Twitter Response of Fortune-100 Companies to Racial Justice

In collaboration with Xia Li, Christopher Shriver, and Bertrand Stone, UCLA Applied Math Seminar, Spring 2021

The summer of 2020 saw a marked increase in public expression of support for the Black Lives Matter (BLM) movement. As the movement gained momentum online, corporations faced social pressure to respond. We examined the relevant Twitter activity of Fortune 100 companies during this time period by analyzing the content of their tweets (data from Kevin McElwee), possible underlying networks between the companies, and patterns in their responses. I focused on topic analysis of the Fortune-100 tweets using non-negative matrix factorization (NMF). I identified topics including CEO statements, the COVID-19 pandemic, racial justice, celebrations, and investing, as well as which companies were most prominent (both in terms of number of tweets and user engagement) in those Twitter conversations. Using NMF on weekly time intervals and matching topics, I identified shifts over time for each topic. For example, the CEO statements shifted focus between addressing systemic racism, diversity, 2nd quarter earnings, and sustainability.

Social Forces in Twitter Networks of Senators

UCLA Statistics on Networks Course, Fall 2020

In the past decade, Twitter has become a popular platform for legislators to publicize their activities and views.

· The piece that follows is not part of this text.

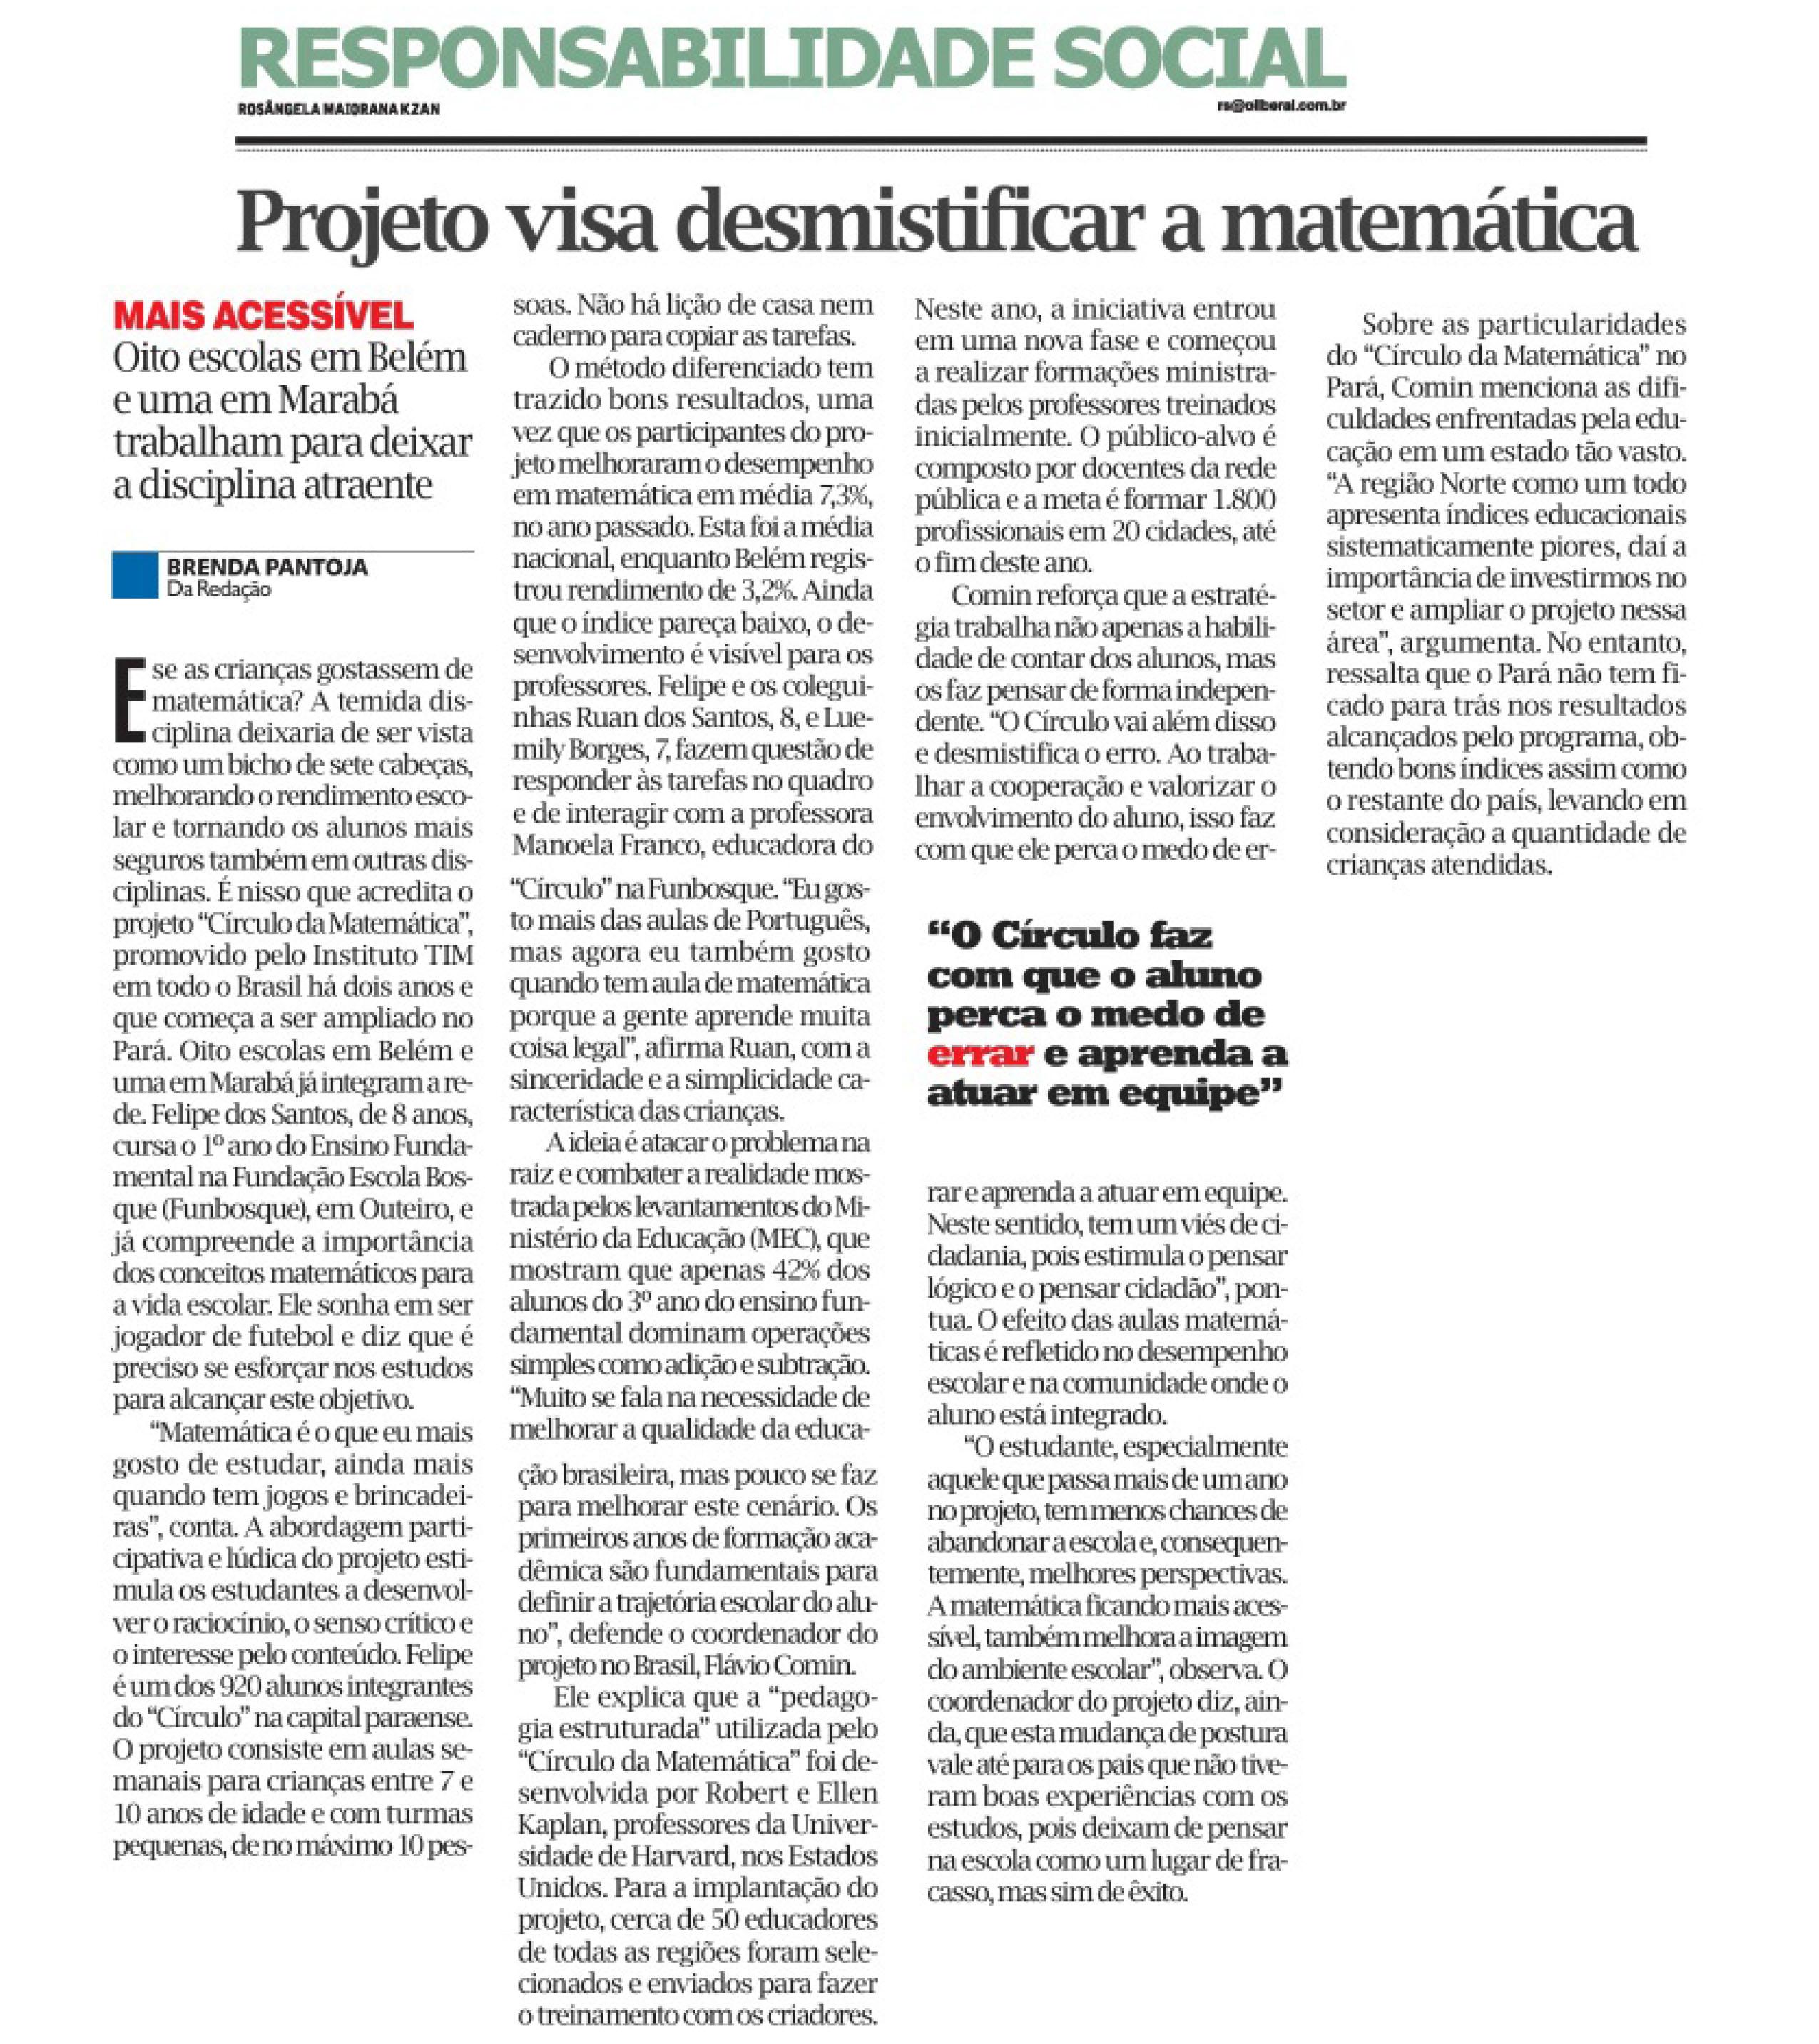 17_09_2015 O LIBERAL Projeto visa desmistificar a matemática parte 1
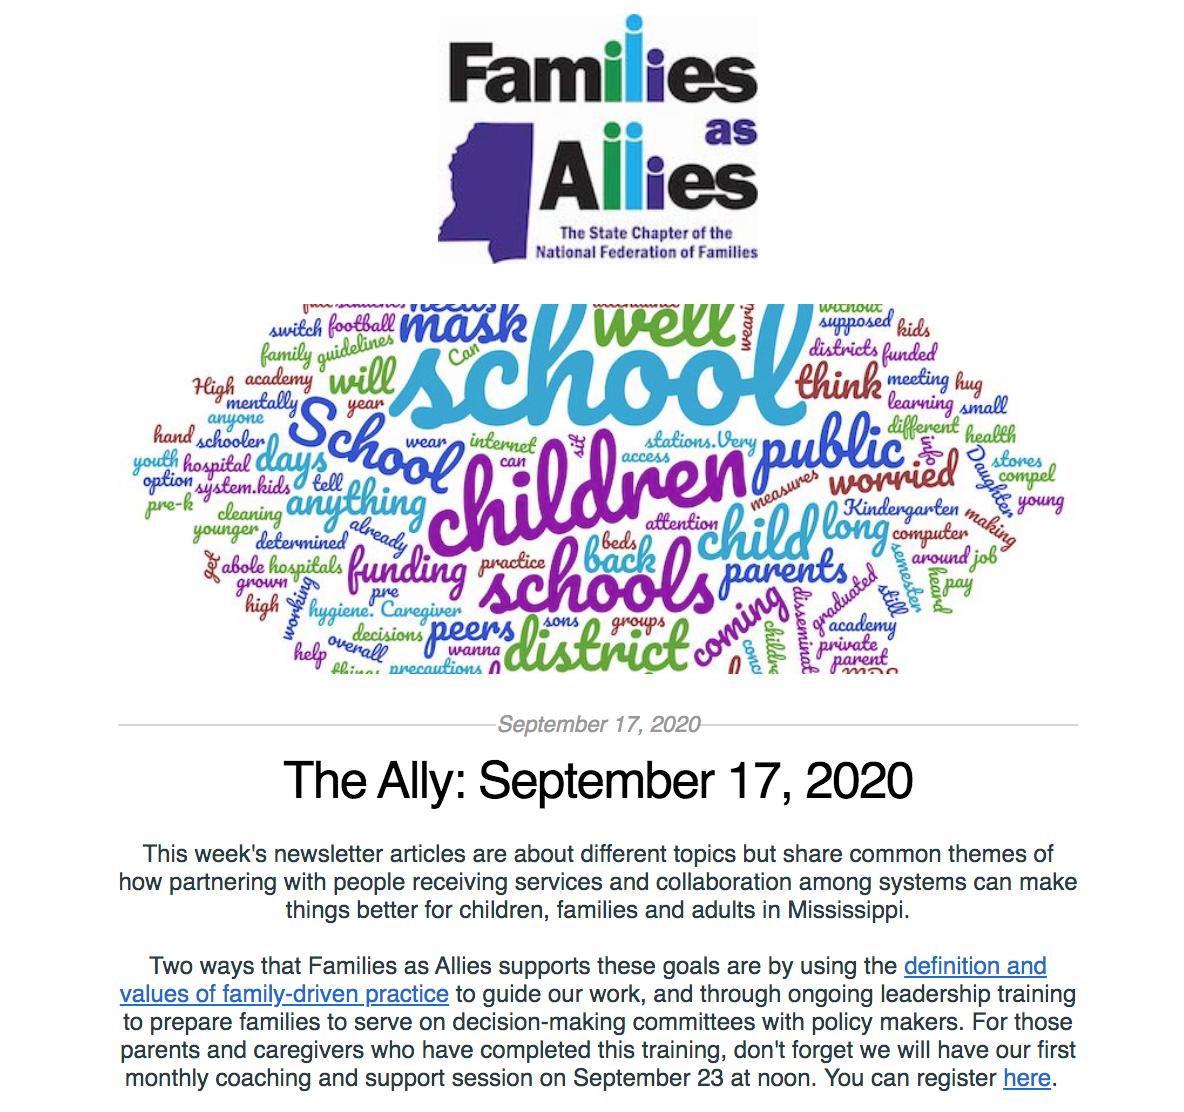 The Ally: September 17, 2020

To analyze the social forces influencing public online interactions between legislators, I constructed a network of senators in the 116th Senate with edges representing their interactions on Twitter. Using centrality measures from social network analysis, I identified central figures in the Twitter network. While some of the key senators held additional positions of power, many did not. Using exponential random graph models (ERGMs), I characterized the partisan influence on the network and found that the minority Democratic Party was more active on Twitter and a full nodemix ERGM model is needed for best fit of the partisan effects. Additional dyadic influences on the Senate network were reciprocity of ties, homophily for geographic region, and tendency to tweet those of similar age. I also considered the Democrat and Republican sub-networks separately to find within-party influences. Older Democrats tended to have more ties, while younger Republicans tended to have more ties. The Republicans also had significant region-based homophily and propensity for ties among senators with closer NOMINATE-1 scores representing voting-record partisanship. Both the Democrats and Republicans had a propensity to form transitive triads.

Analysis of Congressional Voting Data Using Clustering Methods

In collaboration with Kyung Ha, Jiayi Li, Blaine Talbut, and Thomas Tu, UCLA Applied Math Seminar, Spring 2021

We utilized voting records in conjunction with clustering and community-detection algorithms to classify legislators into clusters by political stance. The underlying assumption is that legislators with more similar voting records have more similar political stances. We considered legislatures from multiple countries: the United States House of Representatives, German Bundestag, Legislative Council of Hong Kong, and South Korean National Assembly. For each legislature, we assessed how well different combinations of similarity functions and clustering algorithms could detect existing, known political parties. We were able to identify what larger political-party coalitions the independent legislators with no party affiliation were most aligned with. Additionally, we saw that number of clusters and modularity of the graph communities can be used to detect unity or division within a political party, and when there may be a shift in power within the legislature. In this project, I focused on investigating the use of different similarity functions to place legislators in a network with distances calculated from similarity of the roll-call votes.